Housing crisis: Retired Brits twice as likely to fund their children’s home deposits
RETIRED parents in Britain are twice as likely to fund their children’s home deposits than their counterparts in other English-speaking countries, with London pensioners even more likely to support their offspring.
Putting the housing affordability gap into stark relief, research commissioned by payments provider UKForex showed that out of 1,135 British retirees surveyed, 27 per cent have helped their children with a deposit for a house. This is compared to an average of 18 per cent in Australia, Canada, the US and New Zealand.
The average UK house price is now £296,549, more than 10 times the average salary of £27,200, making it increasingly difficult for first time buyers to get onto the property ladder without support.
In the capital, where a shortage of housing and a dense population have made property prices skyrocket far more than across the rest of the UK, 33 per cent of pensioners have helped their grown children with a deposit.
Read more: London house prices broke the £600,000 mark for the first time in April
Londoners are also more than twice as likely to pay their adult children’s rent or mortgage, equating to 32 per cent of respondents compared to the national average of 15 per cent.
High rents mean that it is often difficult for young would-be buyers to save money, leading many to live at home with their parents. 26 per cent of retirees said that their adult children live at home, with this rising to a third of all retired parents in London.
Read more: Six reasons why London's property market won't collapse
Conversely, while their children are struggling to get on the ladder, their parents are far more comfortable. 73 per cent own property with no mortgage, while 12 per cent own second properties.
“Housing affordability in the UK has become a significant challenge, with politicians of all stripes seeking solutions,” said Stephanie McMahon, head of research at estate agents Strutt & Parker.

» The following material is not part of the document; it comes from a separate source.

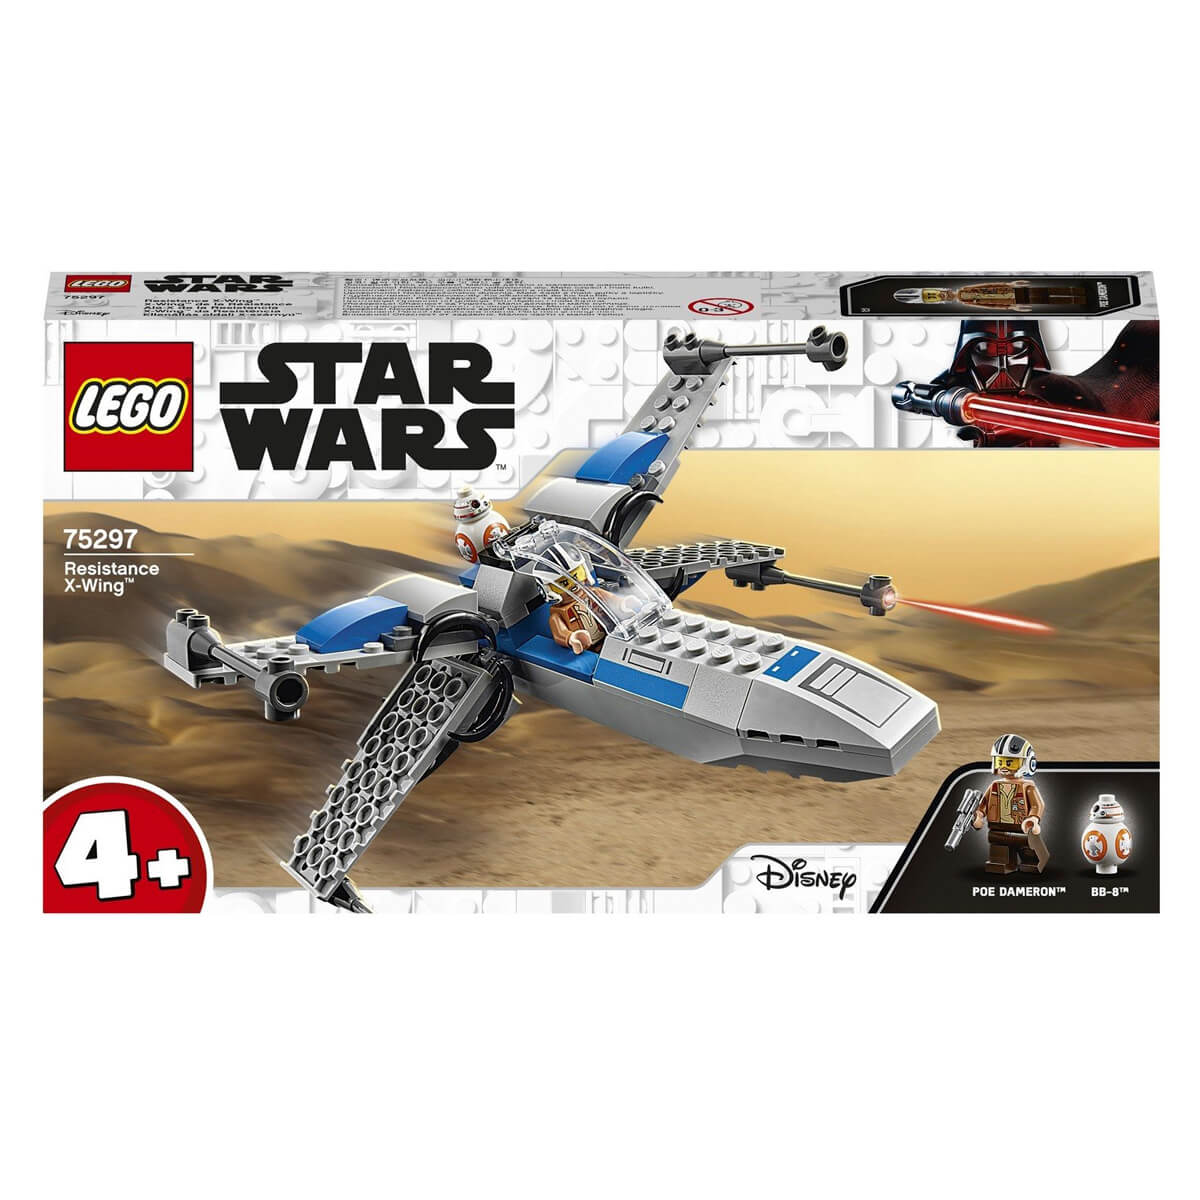 Конструктор LEGO Star Wars 75297 Истребитель сопротивления типа X лучшие звездолеты галактики с мини фигуркой по дэмерона
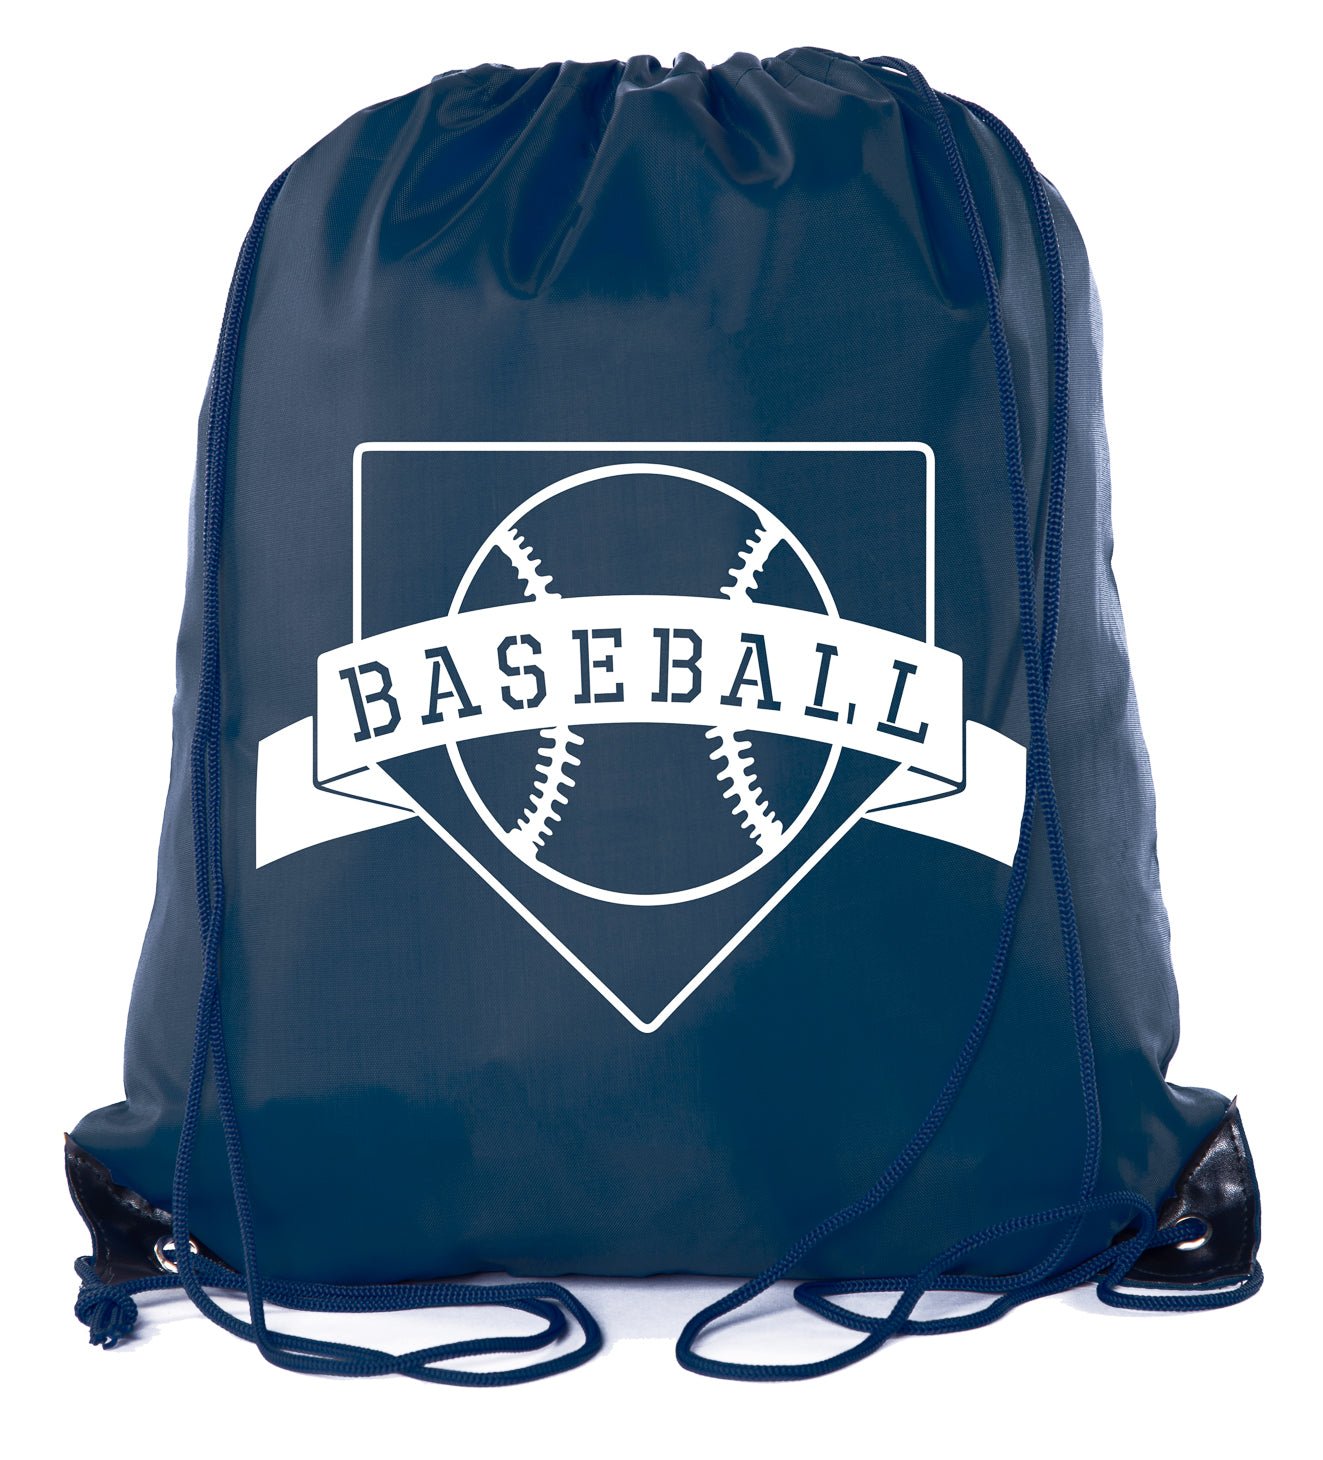 Home Plate Baseball Polyester Drawstring Bag - Mato & Hash

“It is no surprise, therefore, that British parents seek to subsidise their children’s house purchases.
“Interestingly, our own analysis indicates that relatively limited numbers of people are selling their properties to support children or relatives, although the figure is growing (8 per cent in 2013; 11 per cent in 2014).
“We would also anticipate that parents are taking equity out of their homes without necessarily selling them.”